Recruter reste possible puisque la part des entreprises de plus de 50 salariés a explosé en 2021 : +133%. Yousign qui projette un effectif de 200 salariés avant la fin de l’été 2022 a pour cela déployé une stratégie RH très structurée : « Il faut bien évidemment un plan de recrutement, un budget, des personnes dédiées au talent acquisition mais aussi penser la coordination des équipes et la chronologie » souligne Kristina Colak dont l’entreprise accueille 8 à 12 personnes par mois. « Nous avons opté pour une date d’arrivée par mois, avec un process précis : trois jours communs à tous les entrants dédiés au partage d’informations relatives à l’entreprise puis un on-boarding par équipe au sein de chaque métier ».
Les profils techniques recherchés mais pas seulement
« Ingénieur développement, product owner, product manager mais aussi sales, marketeurs, la pénurie existe sur toutes les fonctions dans la tech, relate Florent Muller (Urban Linker) qui déplore que cette pénurie soit « devenue structurelle sur les profils tech par manque de formations supérieures dédiées. Bien souvent une offre d’emploi ne génère aucune candidature pertinente. A l’inverse, sur les postes commerciaux par exemple, nous avons beaucoup de candidatures mais elles sont peu pertinentes : il leur manque la dimension technologique – l’expérience de vente d’un SaaS typiquement ».
La pénurie sur les profils tech doit inciter les entreprises à travailler leur attractivité technologique et la valorisation de l’apport du candidat. « Il faut éviter de commencer le recrutement par un test de 3 heures ; mieux vaut d’abord échanger avec le candidat sur ses projections, ses attentes et insister sur les défis qu’il y à relever ou le niveau tech en interne, conseille Florent Muller. Un directeur technique de bon niveau, des projets open- source, des participations à des conférences et meetups tech constituent de vrais critères de choix d’entreprise pour un bon candidat ».
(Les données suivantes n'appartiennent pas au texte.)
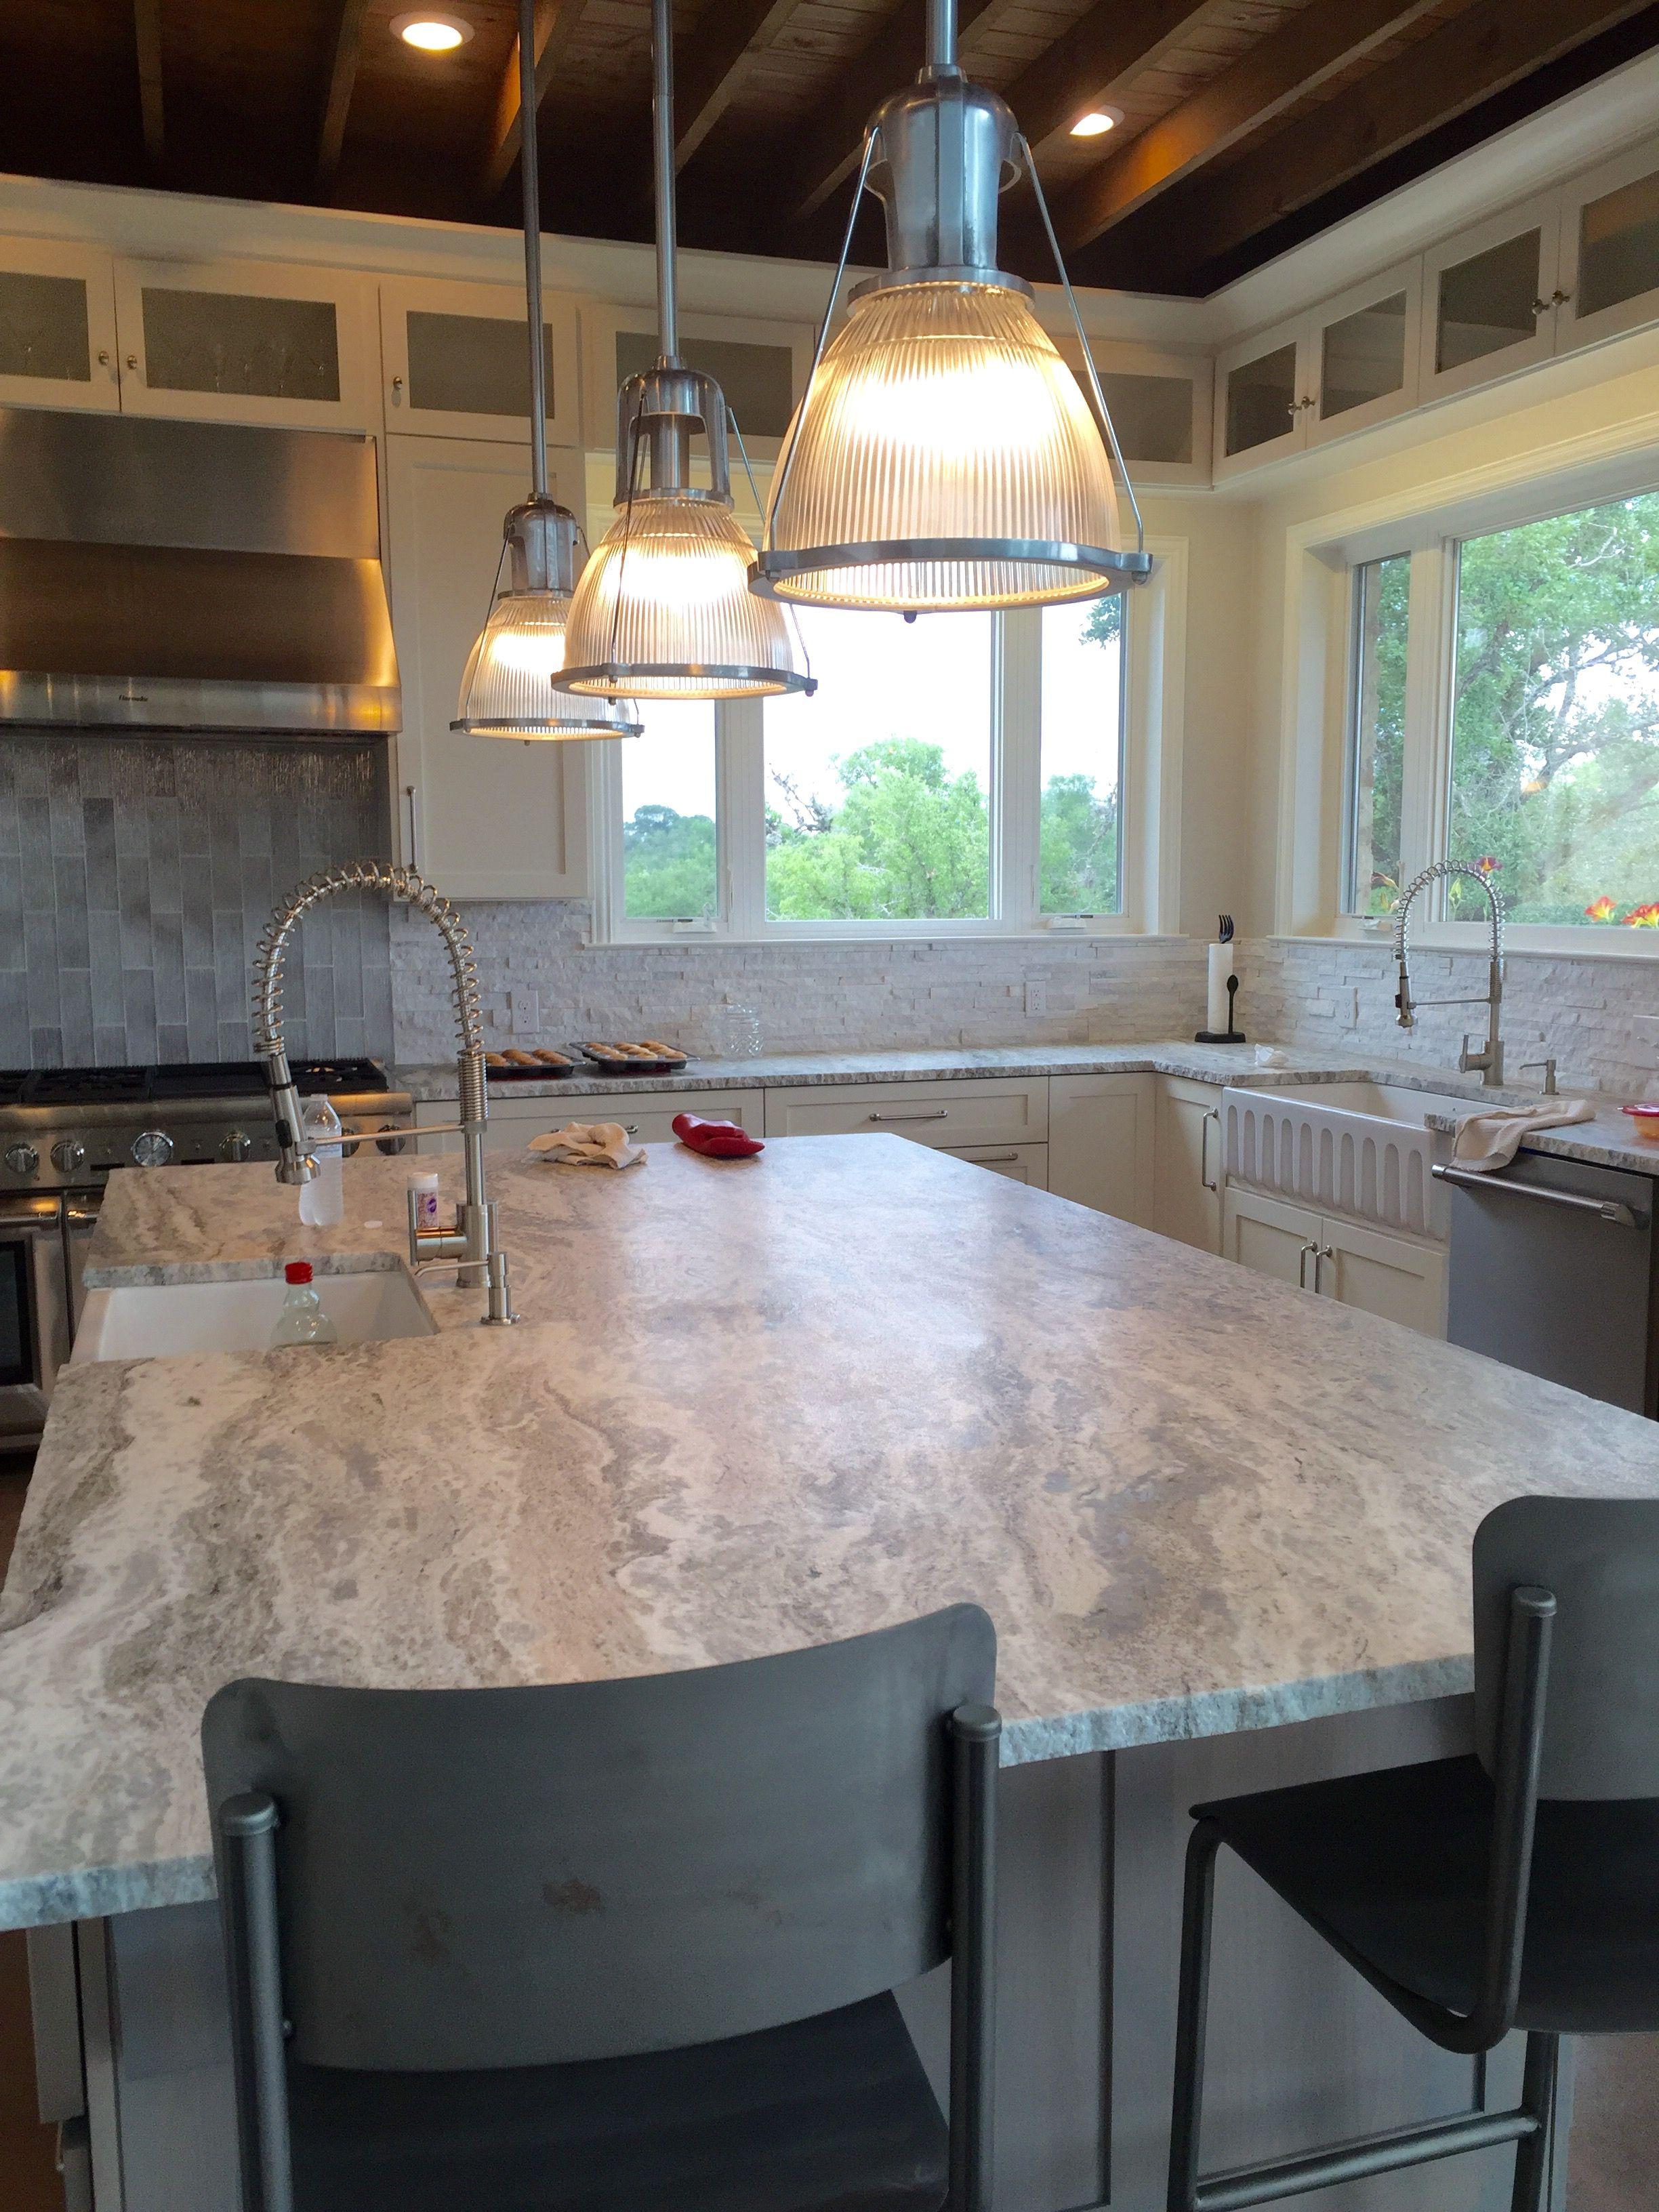 We used fantasy brown granite Granite countertops

Autre défi, le recrutement d’expertises très spécifiques au secteur. « Tout ce qui touche à la sécurité est très prégnant dans la LegalTech. Il y a donc une forte recherche d’expertise eIDAS, la norme européenne de sécurité européenne ou encore d’expertise en matière de protection des données, sur différentes fonctions », pointe Kristina Colak (Yousign). « La LegalTech évoluant par définition dans un écosystème très réglementé, elle a aussi besoin de juristes disposant de compétences digitales ou technologiques, confirme Thomas Saint-Aubin (Seraphin.legal). Or, les juristes issus des masters numériques sont formés à la régulation, pas à l’opérationnel ou à la culture numérique». Face à ces manques et à l’évolution ultra-rapide des problématiques à traiter, certains acteurs ont porté des initiatives pour dispenser les compétences nécessaires.